Now, the whole analytic approach (aka "computer sciency" approach),
where you can actually think about the problem without having any
pesky "reality" impact the solution is obviously the one we tend to
prefer. Sadly, it's seldom the one we can use in reality when it comes
to things like resource allocation, since we end up starting off with
often buggy approximations of what the actual hardware is all about
(ie broken firmware tables).

So I'd love to know exactly why one random number works, and why
another one doesn't. But as long as we do _not_ know the "Why" of it,
we will have to revert.

It really is that simple. It's _always_ that simple.

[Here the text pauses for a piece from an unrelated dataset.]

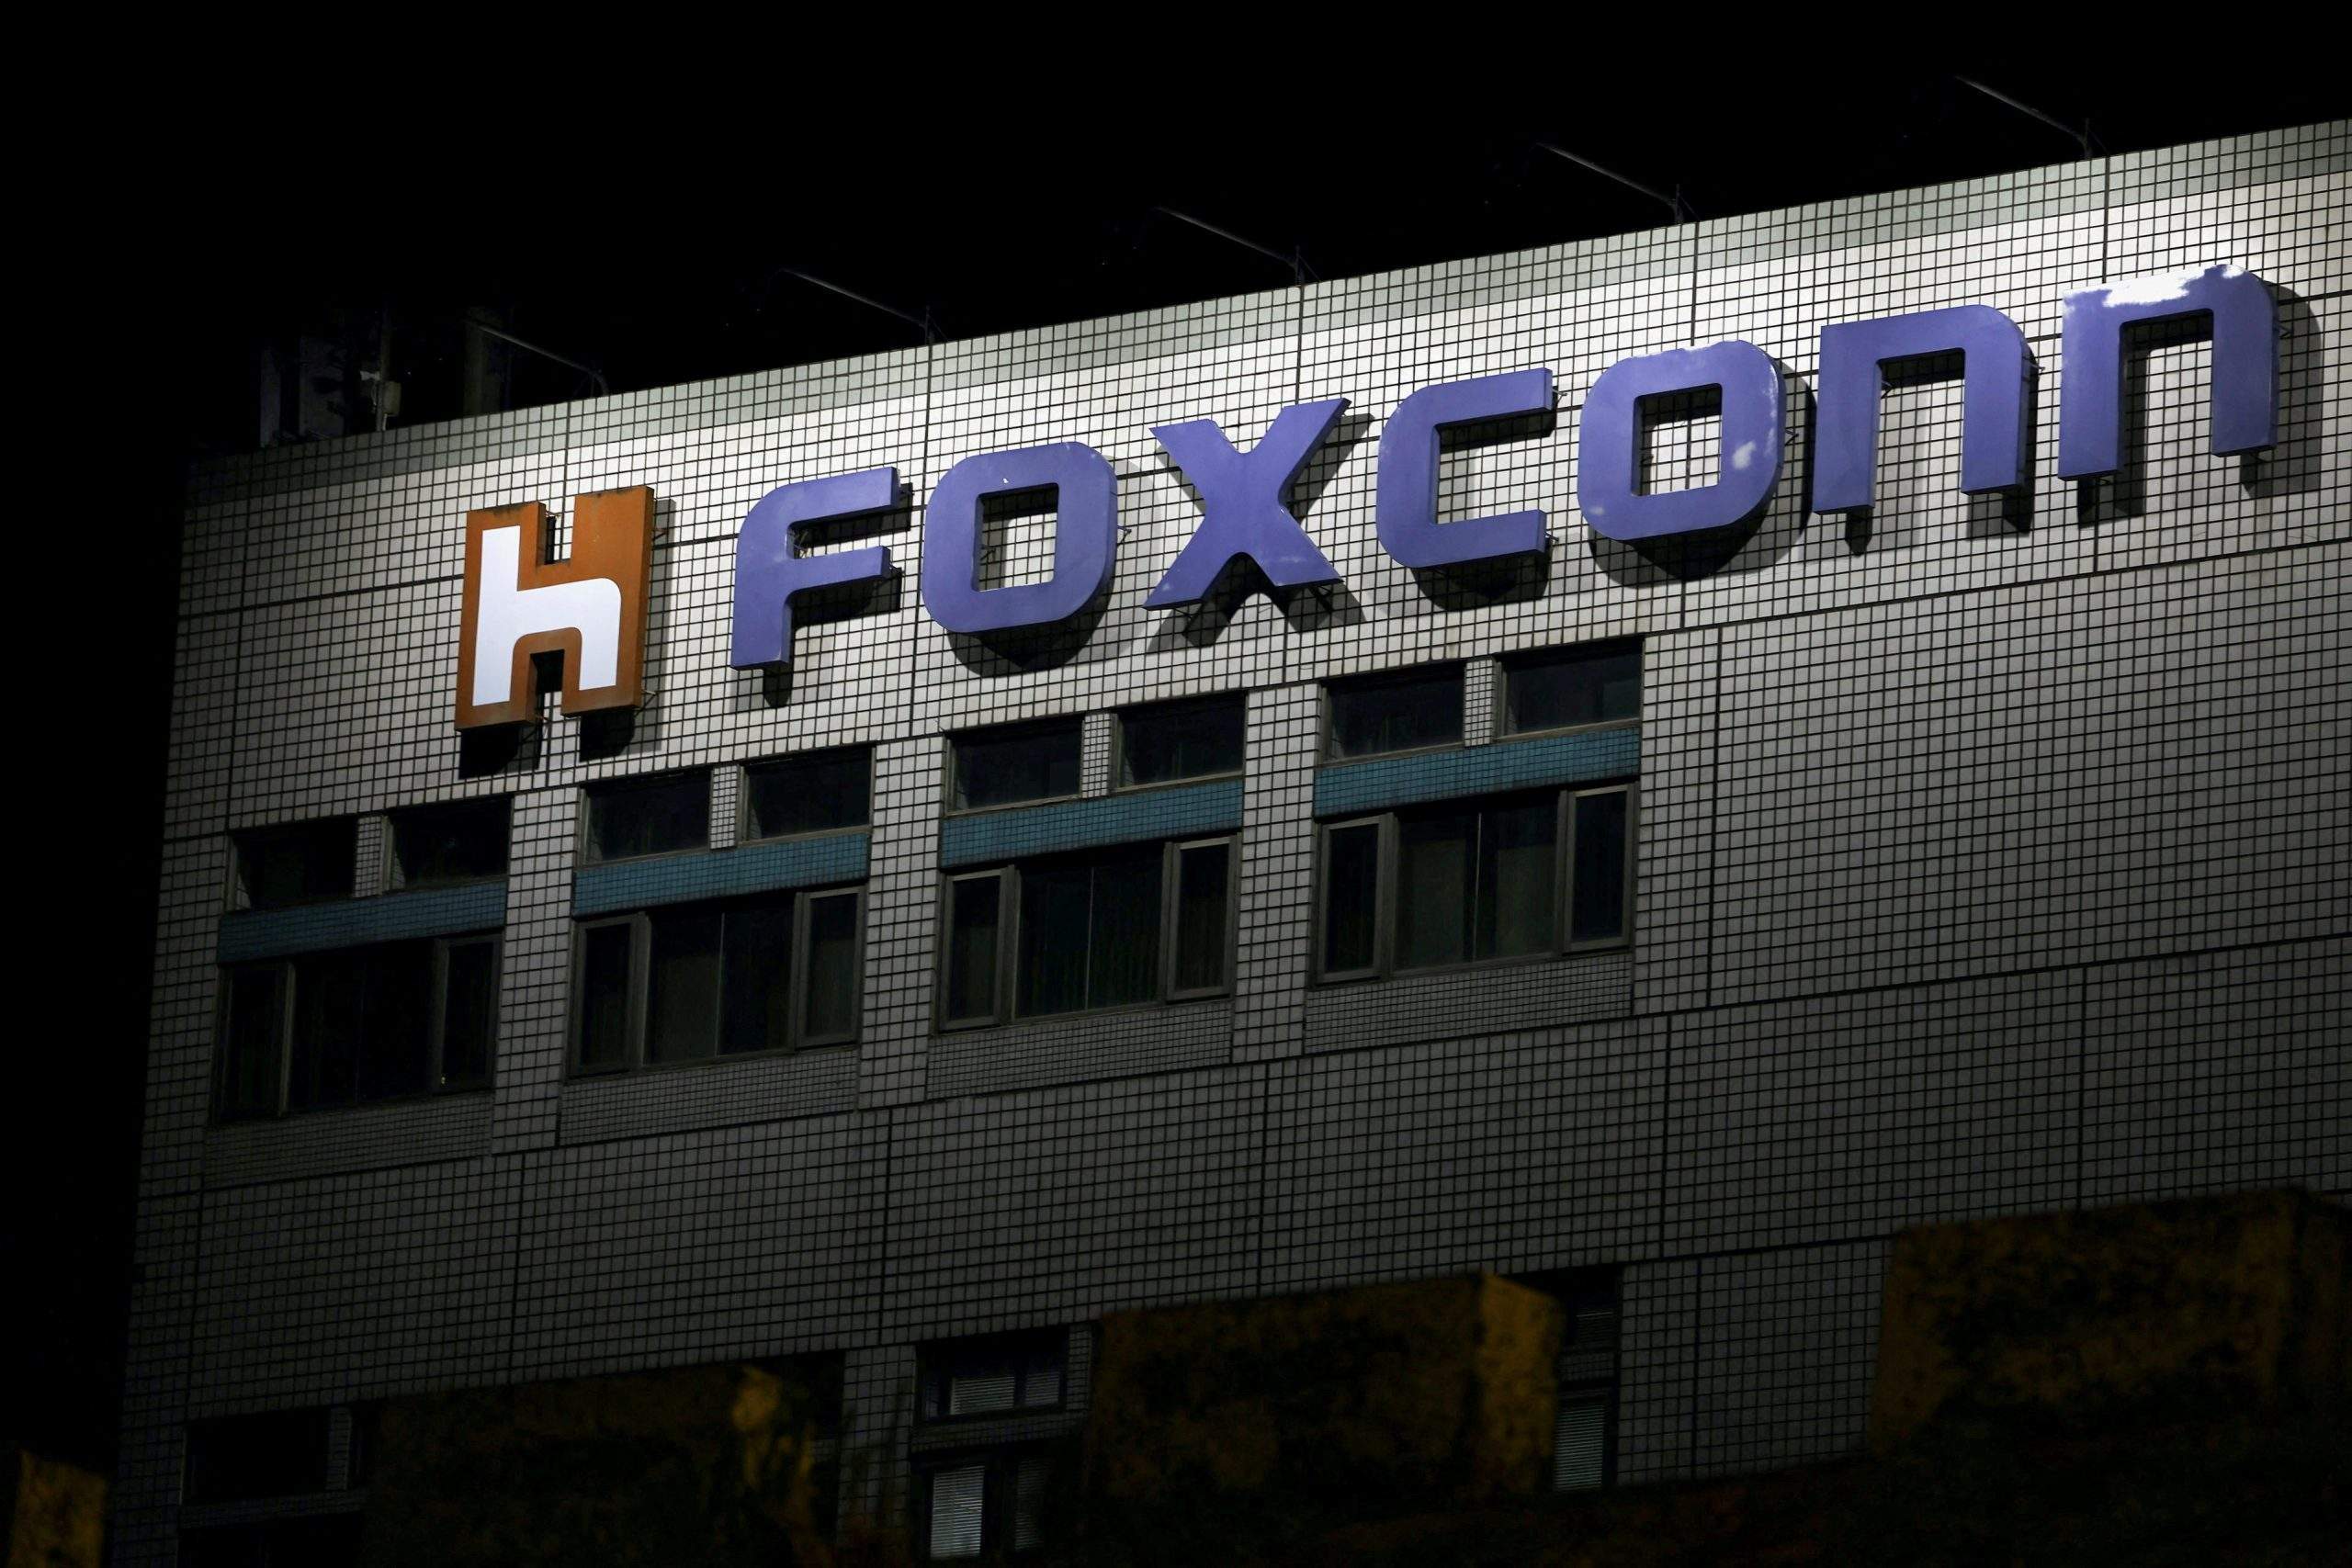 کارخانه فاکسکان - foxconn factory

So the numbers shouldn't be "magic", they should have real
explanations. And in the absense of real explanation, the model that
works is "this is what we've always done". Including, very much, the
whole allocation order. Not just one random number on one random
machine.

                        Linus

Yinghai Lu April 14, 2011, 12:10 a.m. UTC | #10

On 04/13/2011 04:39 PM, Linus Torvalds wrote:
> On Wed, Apr 13, 2011 at 2:23 PM, Yinghai Lu <yinghai@kernel.org> wrote:
>>>
>>> What are all the magic numbers, and why would 0x80000000 be special?
>>
>> that is the old value when kernel was doing bottom-up bootmem allocation.
> 
> I understand, BUT THAT IS STILL A TOTALLY MAGIC NUMBER!
> 
> It makes it come out the same ON THAT ONE MACHINE.  So no, it's not
> "the old value". It's a random value that gets the old value in one
> specific case.

Alexandre's system is working 2.6.38.2 and kernel allocate from 0xa4000000
Joerg's system working 2.6.39-rc3 while revert the top down bootmem patch 
	1a4a678b12c84db9ae5dce424e0e97f0559bb57c
and kernel allocate to 0x80000000.
Alexandre's system is working while increasing alignment to 1g, and make kernel to
allocate 0x80000000 to gart.

they are not working if kernel allocate from 0xa0000000

the 0xa0000000 looks like same value from radon GTT.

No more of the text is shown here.